XFast is a lightweight desktop environment that incorporates a display manager and a window manager within the same process. It is portable and works on many devices (embedded devices, handhelds, set-top boxes,...). Here the communication between server layer and desktop layer can be made in classical way via TCP/IP but depending on the configuration and target system it can be done via shared memory too.

The goal of project XFast is to have a very slim and fast graphical environment that contains both within the same project: a replacement for an X-server to give access to the graphics hardware and a WindowManager-like layer that offers user interface elements for applications and desktop management.

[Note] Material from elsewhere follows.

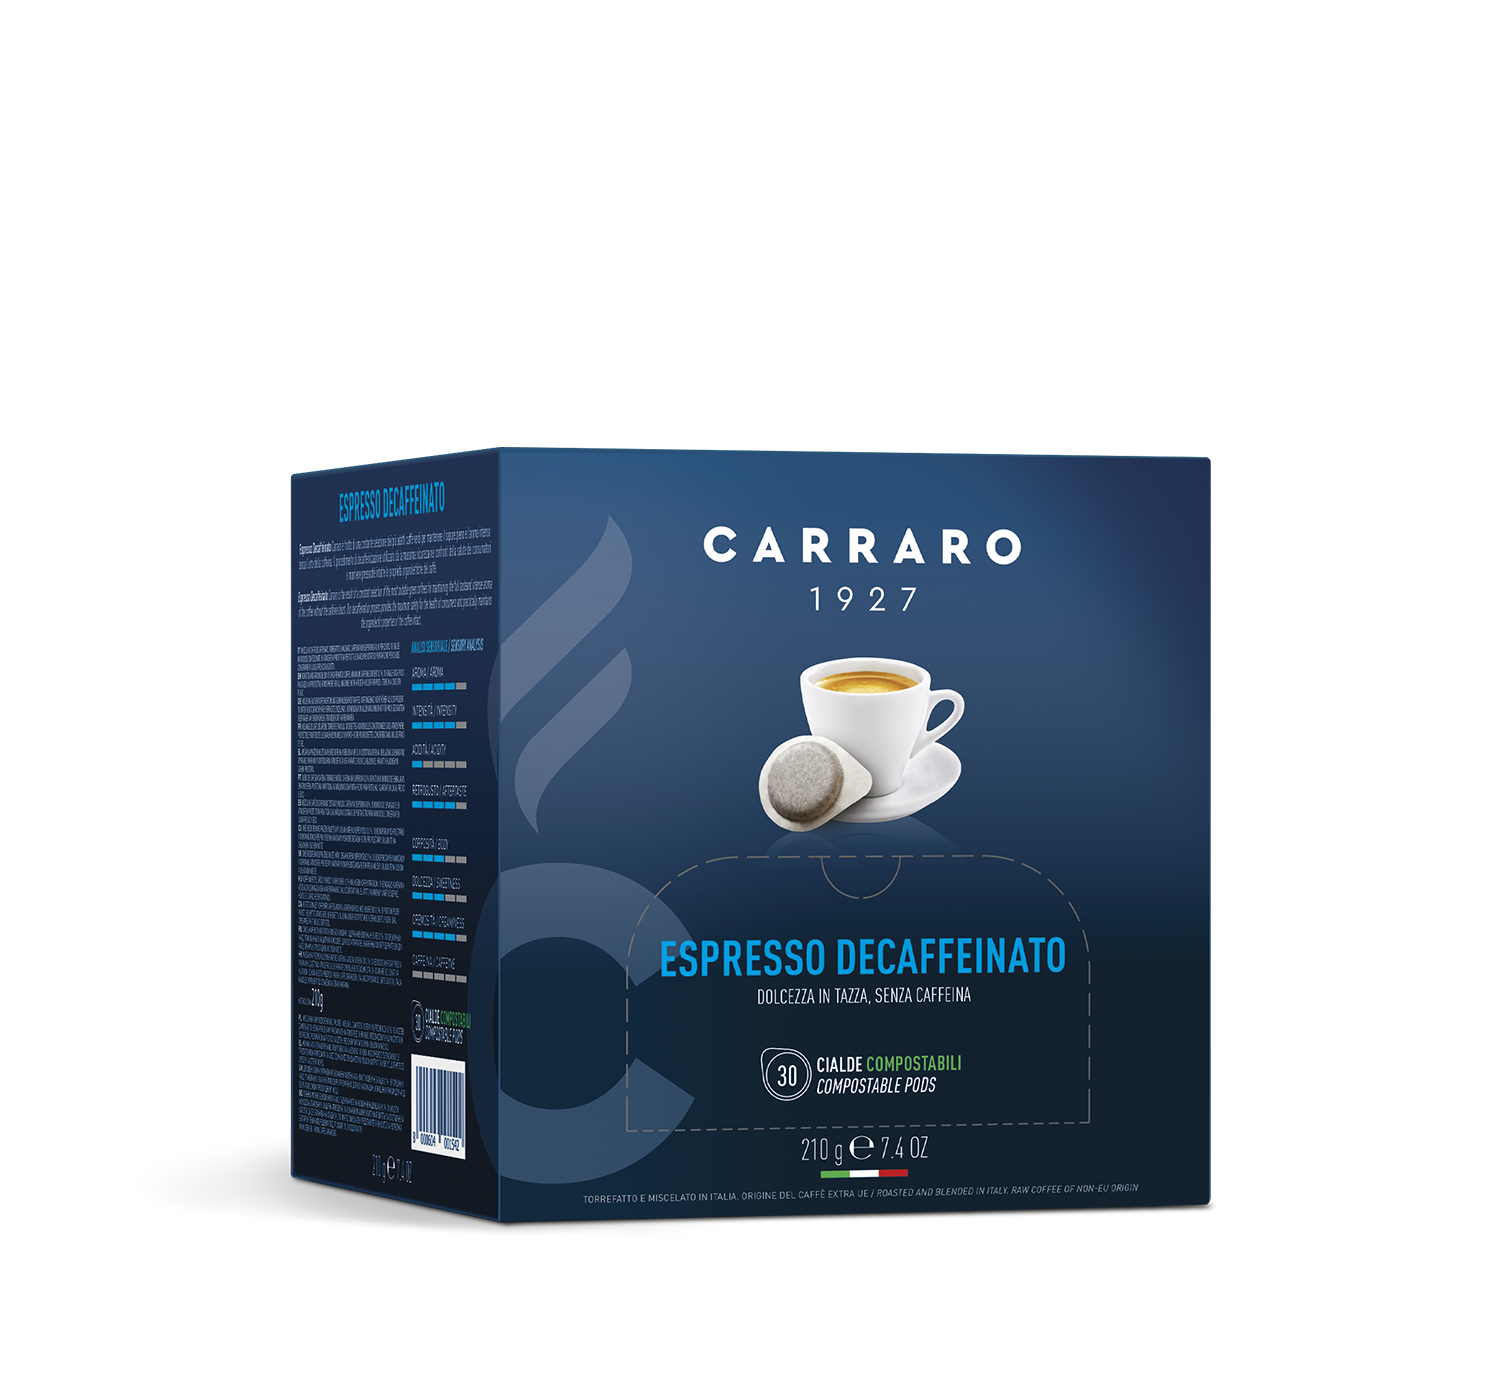 Retail - Espresso decaffeinato – 30 pods 7 g - Shop online Caffè Carraro

Target systems for XFast are (not only) embedded systems with low resources where it is important to have a UI available with short loading times and low memory consumption. It currently runs at Linux, Windows, PlayStation, GP2X and others.

Within the XFast windowing system environment GTK and Simple DirectMedia Layer applications are supported, so there is no need to re-write them. To use them special patched GTK and SDL versions are required, the related patch and build scripts are part of the XFast package. Beside of that XFast offers an own GUI widget library that can be used to write native applications for that windowing system.

XFast is free software that was licensed under the GPL.

History
XFast is a fork and further development of the Xynth windowing system. It was branched from the original project in order to add some far reaching modifications to the environment that are not compatible with the idea behind the original project. The goal of this fork is to have a more compatible source base for both: low level embedded systems and desktop systems with bigger hardware resources.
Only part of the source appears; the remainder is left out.